Think on paper
Ask an agent to do a multi-step task in one shot — "compute the tax, apply the discount, then split three ways" — and it will often hand you a single confident number that's quietly wrong. You can't see where it went off the rails, because there are no rails: the whole computation happened invisibly inside one model call. There's nothing to inspect, nothing to retry, nothing to trust.
In the last lesson you fit a conversation onto the finite desk. Working memory is what you do with that desk during a single task: a scratchpad the agent writes each intermediate result to, then reads back for the next step. The intuition is the same one that makes you do long division on paper instead of in your head — each step becomes small, named, and visible, so a slip shows up at the exact line it happened. The agent stops making one opaque leap and starts leaving a trace.
Take (a + b) * c with a=7, b=3, c=4. Instead of emitting 40 and hoping, the
agent writes scratchpad.sum = 10, logs it, then reads that back to compute
scratchpad.product = 40, logs that, and reports the last value on the pad as the
answer. If the product had come out as 30, you'd instantly see sum was fine and
the multiply was the bug — diagnosis without re-running anything.

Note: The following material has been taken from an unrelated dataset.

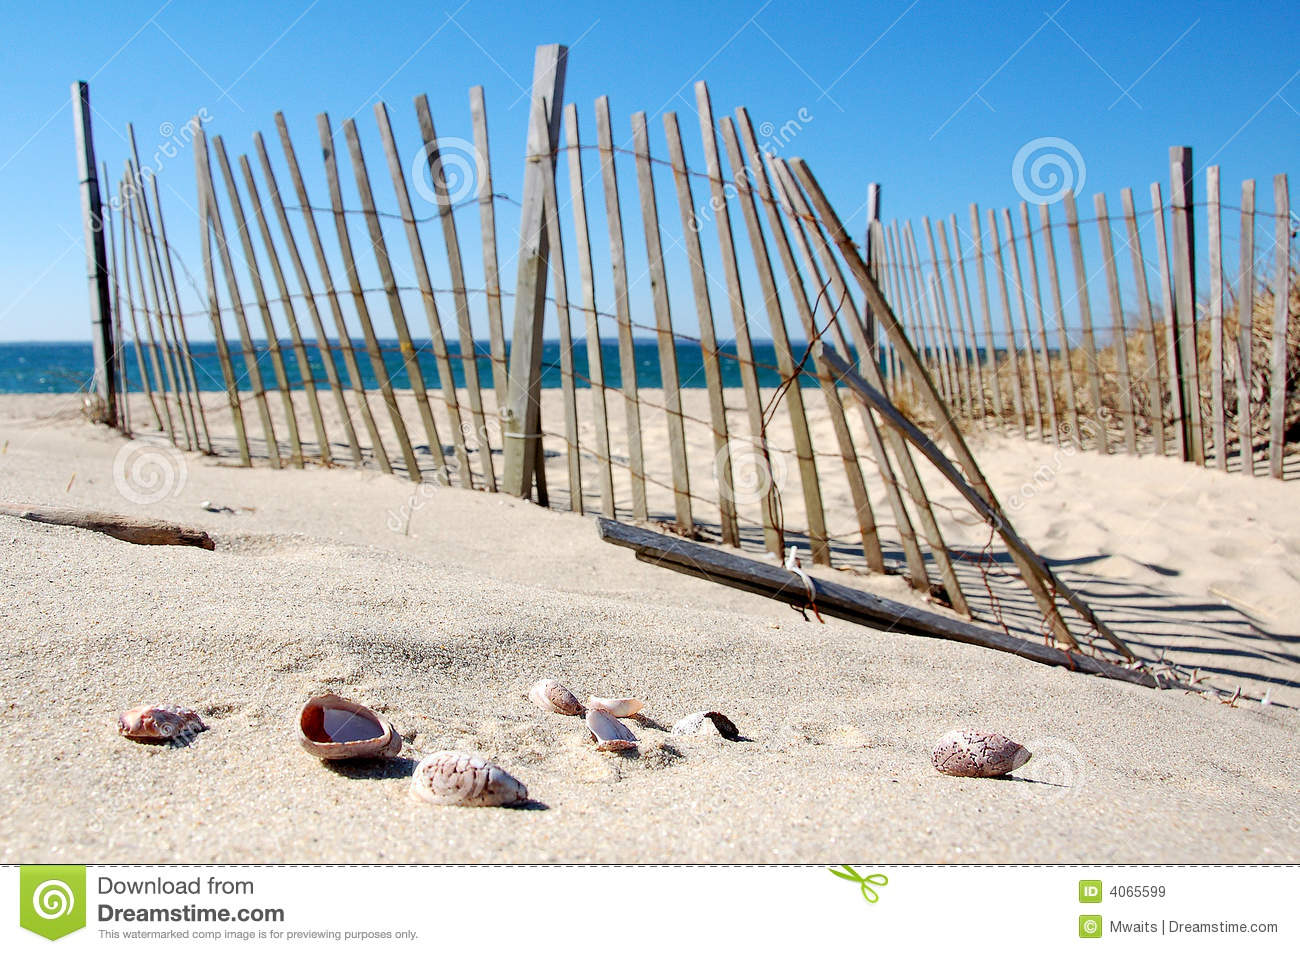 Cape Cod Scenes For Desktop HD Wallpapers 1300x954

This matters because real agent tasks are long chains — search, then parse, then decide — and a chain with no intermediate state can only fail as a black box. A scratchpad turns failures into located failures, and lets a step re-run from the last good value instead of from scratch.
Here the task is (a + b) * c. The starter cheats and jumps straight to the
answer, so there's no trace to trust. Rewrite it to write the sum to
scratchpad.sum and log it, read it back to compute scratchpad.product and log
that, then report the product as the answer. Done means all three lines appear, in
order, each value read from the pad rather than recomputed inline.
The scratchpad isn't extra work — it's what turns one impossible leap into a chain of steps you can check, retry, and build on.